During an investigation conducted by the Atlantic Council’s Digital Forensics Research Labs that identified a Russian social media propaganda campaign they found that one of the ways that Russian nationals sought to do this was by mobilizing American’s familiarity of 1984 against the government.
This, however, isn’t the only time that Russian-originated media sought to make such a connection between 1984 and the present.
One of the videos that Abby Martin features in before she left her position at Russia Today for Venezuela’s TeleSUR English was, basically, a book report that sought to connect the present political environment in the United States to George Orwell’s description of Oceania. While a few of the connections are valid, as a whole they fall flat. To demonstrate why, I’ll briefly put on my professor’s cap to review what Orwellian means.
“Orwellian” as a Term for Describing the Present
“Orwellian” emerges from the description of the social and political qualities of the fictional world of Oceania in 1984, which was modeled on Orwell’s understanding of the Soviet Union during the leadership of Joseph Stalin. For Orwell the Soviet state, then defending it’s very existence in Stalingrad again Nazi invaders, had too much control over the individual and thus he claimed in the pages of the Socialist Journal Monthly Review that it is “willingness to criticize Russia and Stalin [that] is the test of intellectual honesty. It is the only thing that from a literary intellectual’s point of view is really dangerous”.

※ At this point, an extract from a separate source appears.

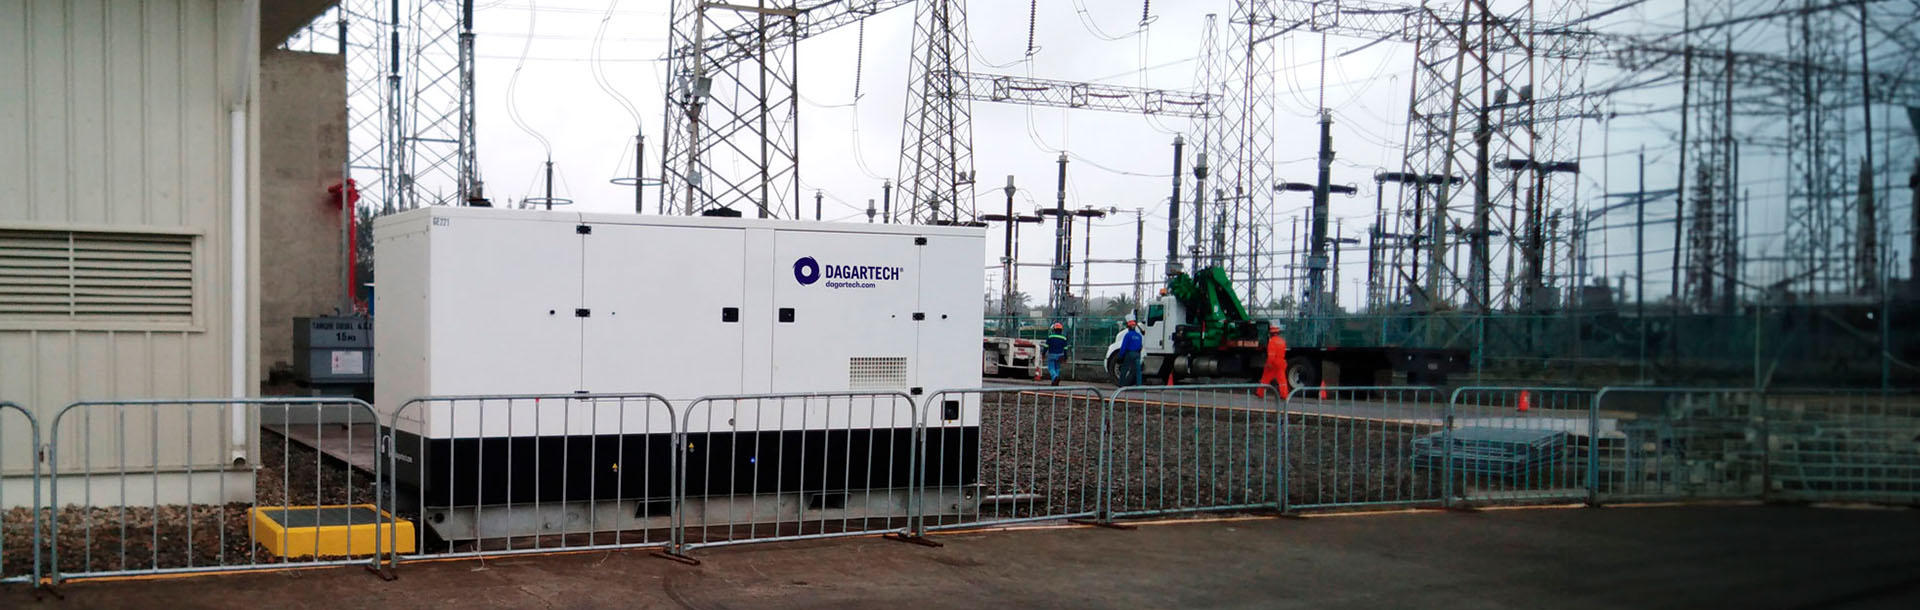 4 800 kW d’énergie Dagartech garantit les travaux de maintenance de la centrale thermoélectrique de Tuxpan, au Mexique.

While one does not need to know this history to be able to use the term, it’s useful for understanding Orwell’s intent in writing 1984 and also to help distinguish it from other literary works that fall within the literary category of dystopia. A Handmaid’s Tale and The Iron Heel are dystopias, but they are not Orwellian.
To illustrate specifically what it is that Orwellian means, the below graphic organizer provides a number of the socio-political qualities of 1984. I’ve also included the header 2018 not to reference another book, but to show the book’s relationship to the qualities of the United States at present.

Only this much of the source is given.